In fact, we want our kids to feel comfortable talking to us and disagreeing with us. This is especially true as kids get older. Negotiation can help us avoid a lot of unnecessary power struggles. In addition, learning how to negotiate at home helps young people build the communication skills they will use for the rest of their lives. Researchers from the University of Virginia found that young people who can calmly and persuasively negotiate and disagree with their parents are more likely to resist negative peer pressure outside the home.
Six steps to successful negotation
This doesn't mean that every conversation turns into hours of endless negotiation. You are still the parent and unpopular decisions come with the job. But sometimes you and your teen may be able to work out solutions that work for everyone and build important communication skills and increased trust. When you do decide to negotiate with your teen, here are some tips to set you up for success:
- Start with respect. Be willing to give and take with your kids as long as they don't start yelling or using crude or rude language. You and your teen may generate other ground rules as well that make the conversation go more smoothly.
- Set a good example. If we treat our teens with respect, even in the middle of heated negotiation, our kids are more likely to approach a disagreement with the same attitude.

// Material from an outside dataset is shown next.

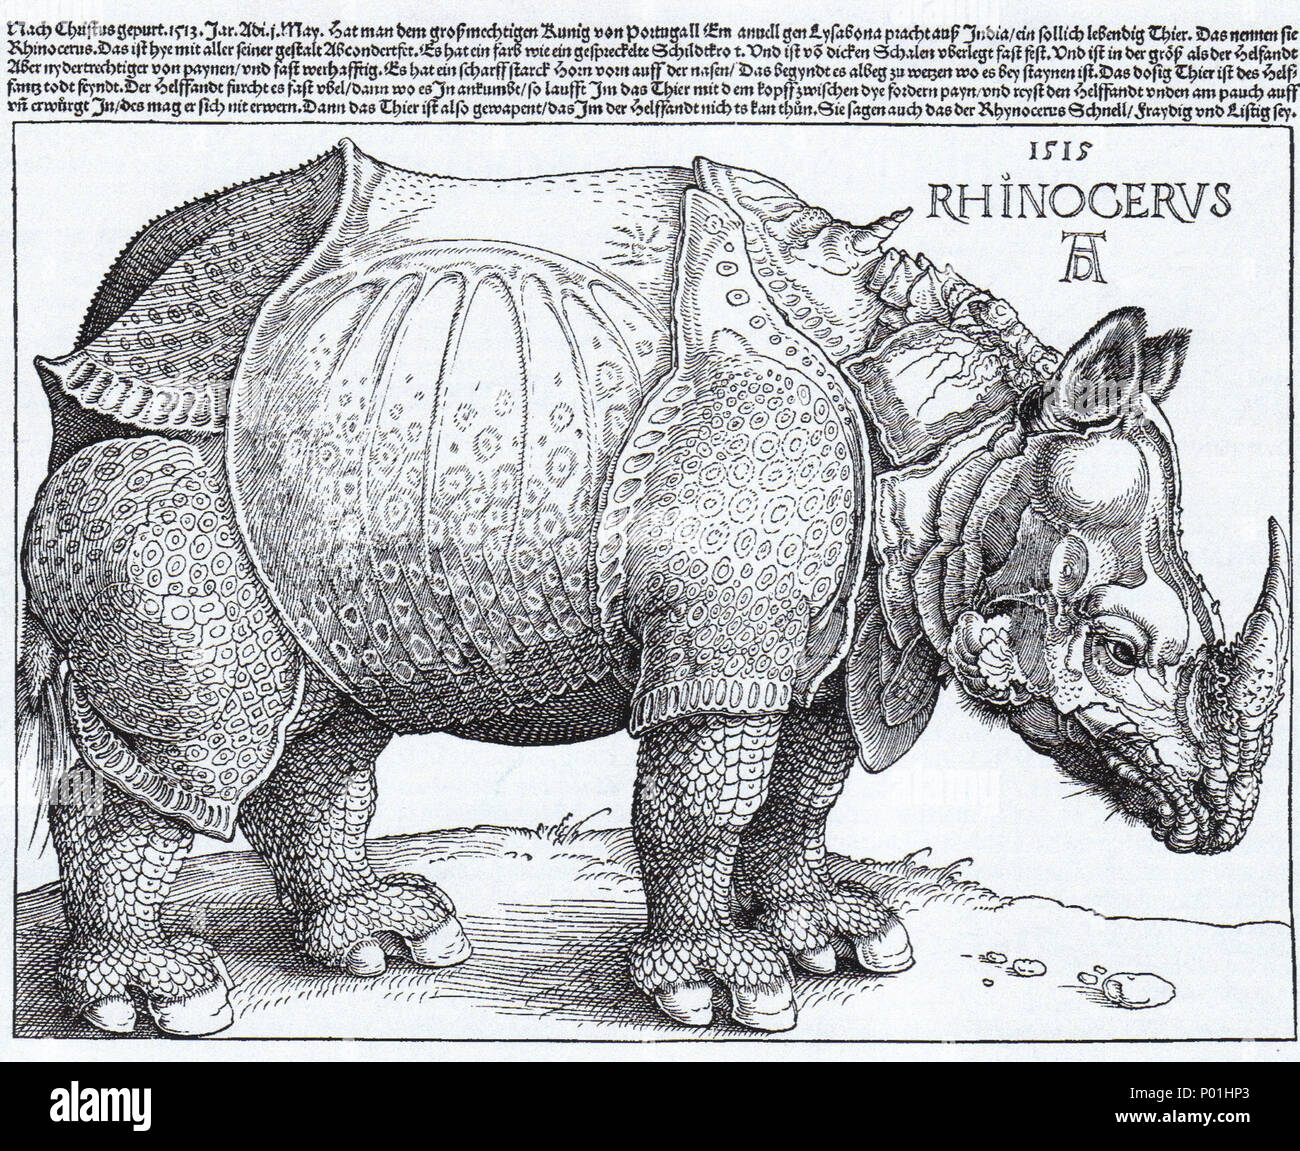 8 Rhinocerus xilografia (1515) Albrecht Dürer Foto Stock

- Start by listening. Listening to your child or teen shows that you respect their opinion and input even if you ultimately disagree.
- Be clear on what is NOT negotiable. Decide which rules are non-negotiable and which rules are up for debate. For example, drunk driving or skipping class.
- Make it clear. Make sure the negotiated agreement is clear to both you and your child. Vague agreements are an invitation to conflict.
- Check in. How is negotiation going? Are you both holding up your ends of agreements? Demonstrate that your teen can earn more freedom and flexibility by making good choices.
Do you have any ideas to add to the list? When have you found negotiation helpful? What makes it difficult?